Make it through the rest of the year?
well, how easy is it
to go to work
in a hostile environment?
nuff said

Youngest son?
has had a job for a few months
but has been living under a bridge
his vehicle is not in working order
and has been sucking his pocket dry
so he has no money to live on
and payday is 10 days away
I will be out of town 7 of those days...
and I don't trust him to stay at my house
without me....
what to do?
I don't know, but I am working on it
and Tater is helping me
or rather
him... to take care of some outstanding tickets
and then we are all going to pitch in
and get him set up in an apt.
that he will be responsible for
I hope it works

Take care of mom?

I think I am bursting into tears
out of guilt
I feel like I should be there
all the time
I feel like I am not doing
what a good daughter should
and tomorrow I go back
for the third stent
on Thursday
the "tricky" one
the dr. said
so underlying stress about that
abounds

and then there is getting ready to go
getting a ride from the airport upon arrival
and being without a vehicle for a week

the upside is
no long drive by myself
and I have a good book to read
to take my mind off things...

I have too much on my plate
and most of it doesn't taste very good
and I need to lose some weight anyway
(which is a whole 'nuther post)

so excuse me
if I just excuse myself
to find some sand
to stick my head in
and forget what is going on....

see... that is why it was so wonderful
to let loose at NIOSA last Thursday...

maybe i just need to go to Happy Hour
and get Happy

2 comments:

Anonymous said...

you can always drive to CC from SA. But how often will you get to spend quality time with someone you've been waiting to meet - after all the a-hs in your life?
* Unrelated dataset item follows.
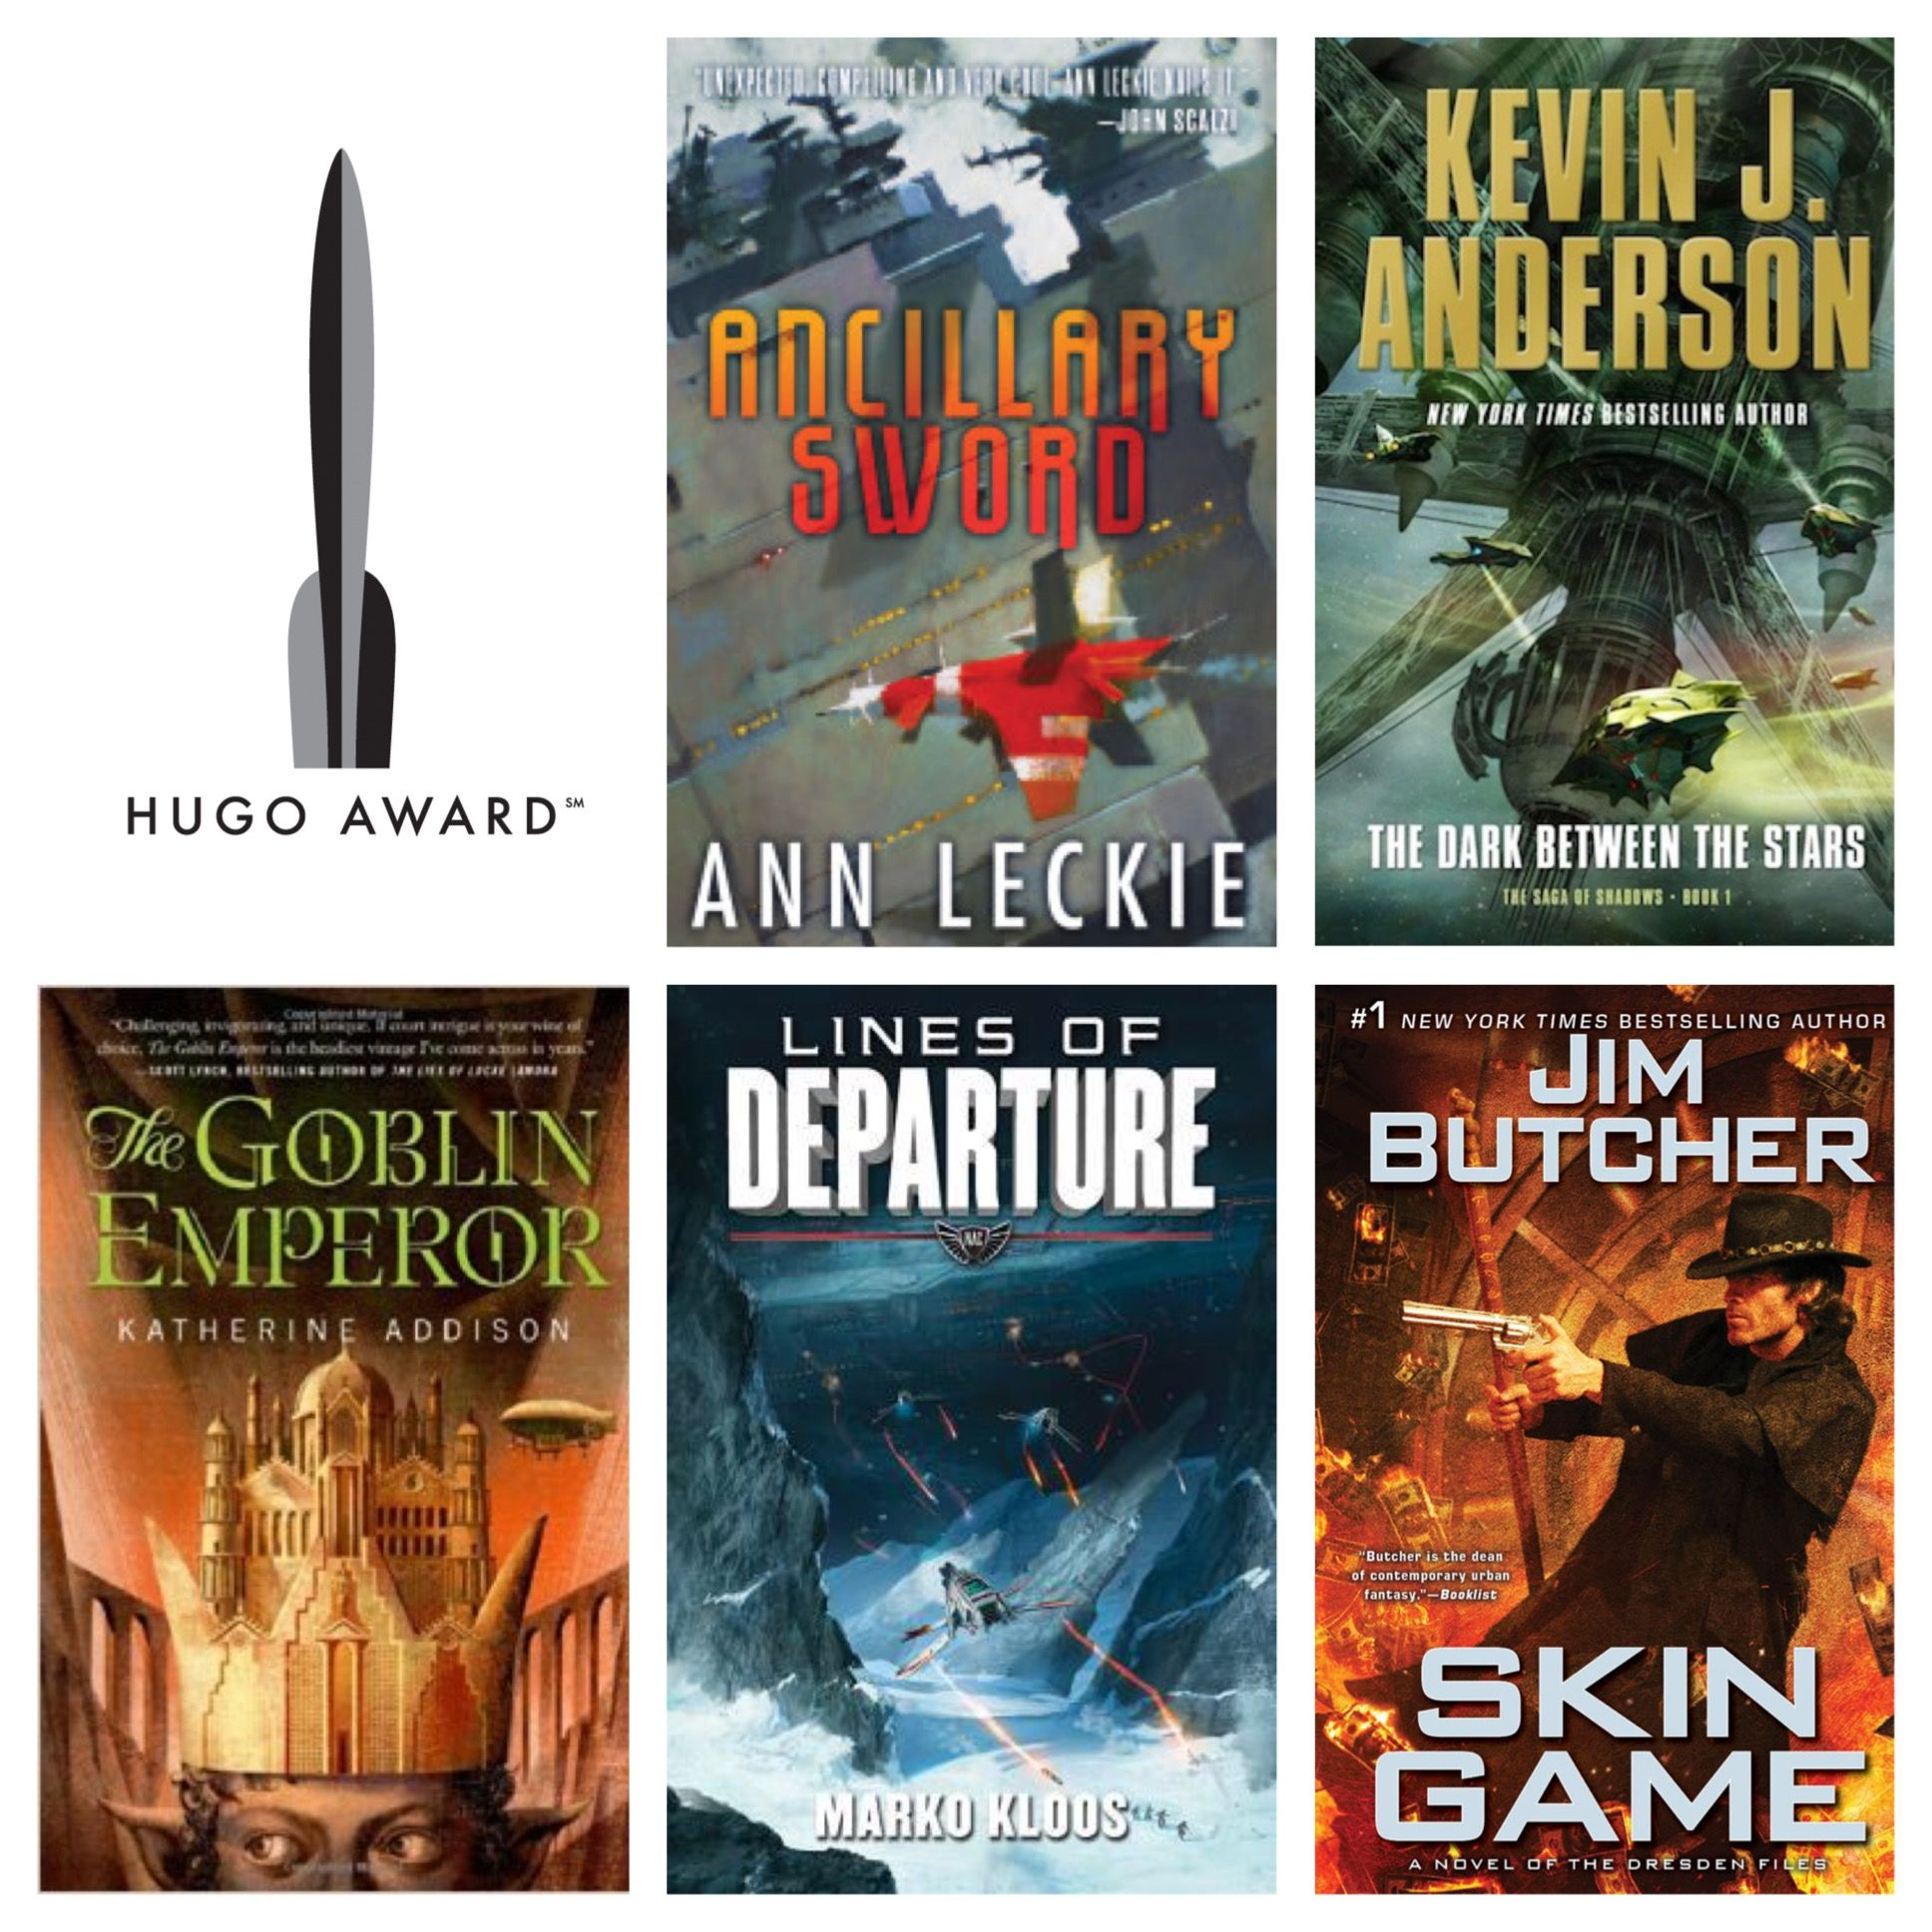 The 2015 Hugo Award nominees (finalists) for Best Novel

So that's one.

Two - I took a pay cut thinking it was worth it. It wasn't. The job was more stressful and knowing that I was getting a paycut made me uneasy.

I made the decision to leave the current job without a job offer. I had to because I was so unhappy. Even though they wanted me to stay - the stress, the hours and the attitude of some of the clients - made me evaluate if it was worth it.

At this point, I'm much happier and am more confident that I'll end up with a better job very soon.

So - I'd say - weigh your options. If you're unhappy - quit even if there isn't a job lined up - BUT bear in mind extras like insurance benefits...

Alternatively, wait it out knowing that it's a hostile environment, use the summer to give yourself more space and time to find a better job.

I guess my view point is that jobs come and go - but good relationships are a little more elusive. Unless he moves to CC at some point, if the relationship grow, you'll want to be in the same city again.

Blessings you will have, happy you will be

Bennu said...

AAHHHHHH my wise friend with the big ears, how I miss you so... glad you are reading and the advice is great... esp. the last paragraph and the last line.